We’re looking very strong for 2015 because of our product lineup, which includes the Pocket Hose and the SpinMop. We also have a bunch of new products launching in December 2014 that will be a kickoff, including a software cleanup product called WinCleaner. The entire category of direct-response merchandise will do well, but I think we’ll pick up share. Most of our merchandise is sold in brick-and-mortar stores, and retailers are looking for stronger products.
Also, the economy seems to be improving, just using the stock market as a predictor. I don’t expect major progressions or sudden jumps in the economy but rather to continue on the slow-growth path we’ve been on, which is probably healthier. We sell to 100 countries around the world, too; and when the U.S. does well, it means the rest of the world does well.
My biggest concern is that TV viewership continues to decrease every year. But it’s mostly young people dropping off, and our biggest market is 40-year-olds and up.
Headquartered in Fairfield, New Jersey, the nation’s largest direct-response TV seller of consumer goods had 2013 revenues of more than $1 billion.

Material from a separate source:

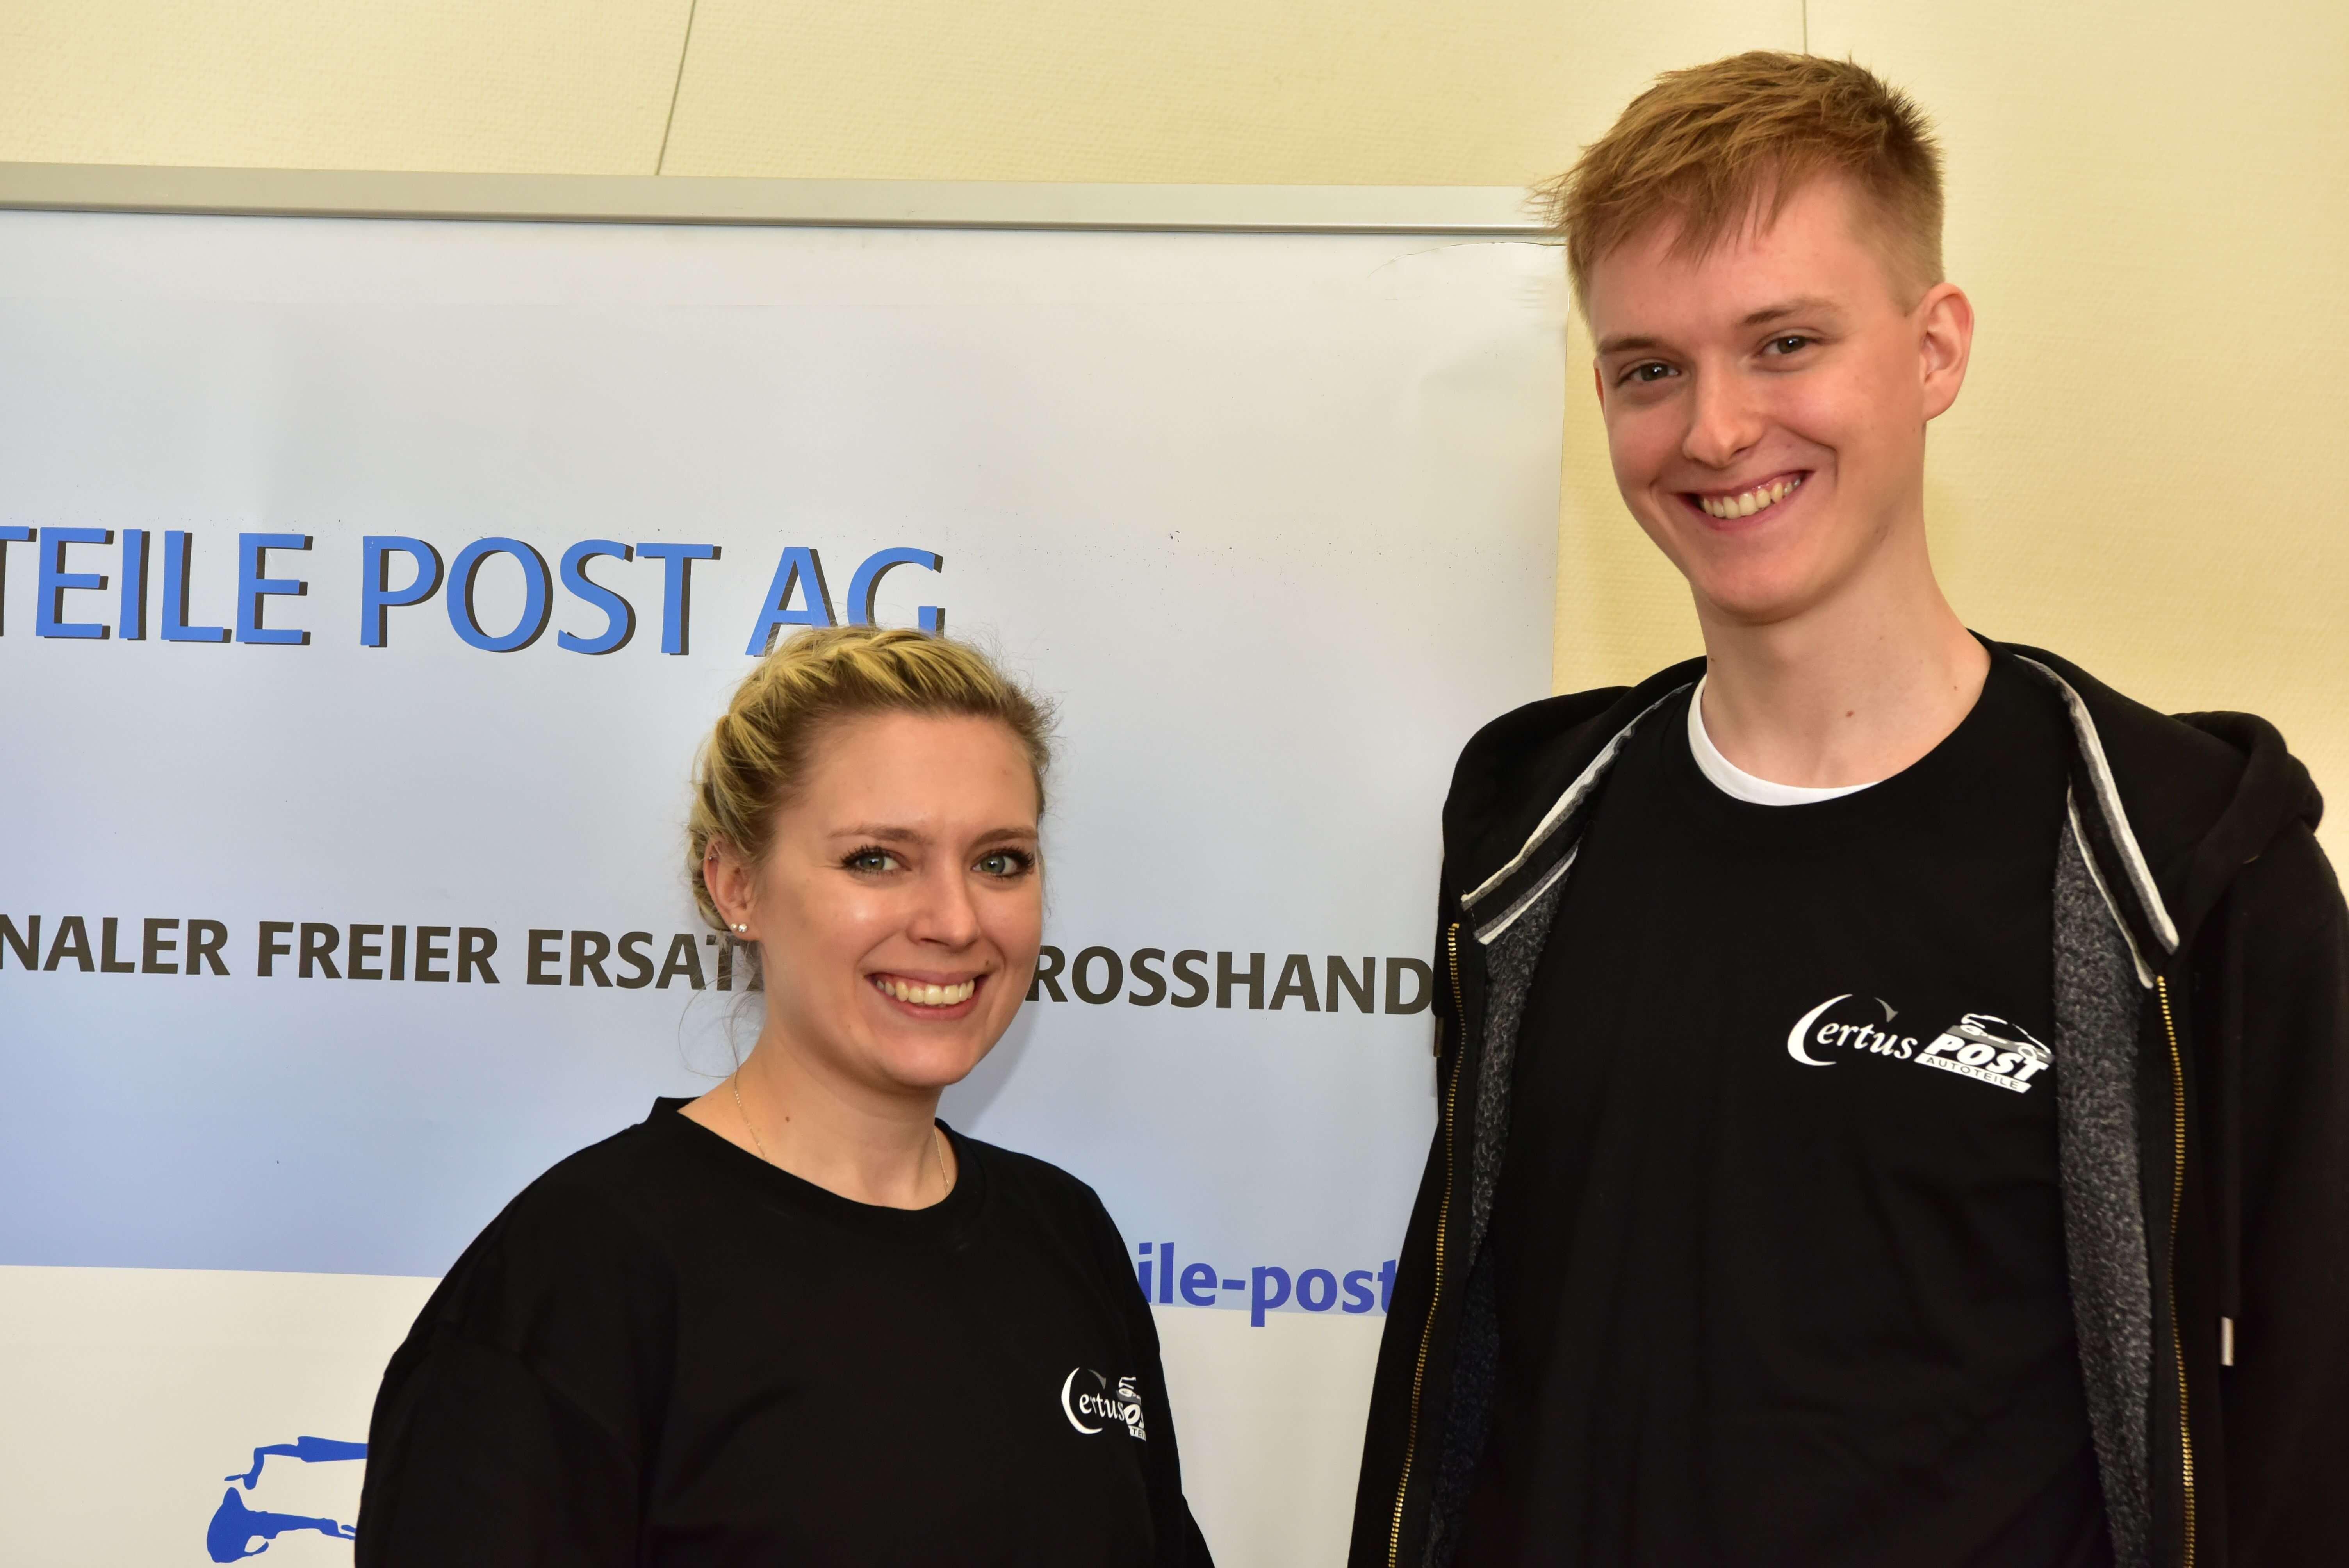 Autoteile Post AG bei der Berufsmesse in Mönchengladbach

We’re really bullish on our growth. Usually, with a brand of this size, by now you’ve saturated the category. However, there’s so much category opportunity remaining for us, including convenience stores, which now are only 6 percent of our retail sales—but should be significantly higher. And we’ve gone against competitive threats and we’re winning.
We’ll continue to see a steady decline in consumption of carbonated soft drinks. But more interesting is how high can the energy-drink category go? For a long time, consumers drank soft drinks for two purposes: as a pick-me-up and as refreshment. Energy drinks are capturing those looking for alternatives for a pick-me-up, and we’re capturing those looking for refreshment.
We also see a great opportunity to go global. There’s a tremendous amount of money but not a lot of places for companies to put their cash. Yet, my concern will always be the consolidation of distribution in our industry. You look out there and see that it’s getting more and more consolidated; you’ve got Monster Energy now, for instance, moving into the Coca-Cola system. That further reduces the opportunity for small companies to expand their availability.
Headquartered in Preston, Washington, the company is best known for selling its Sparkling Ice beverages and had 2013 revenues of more than $400 million.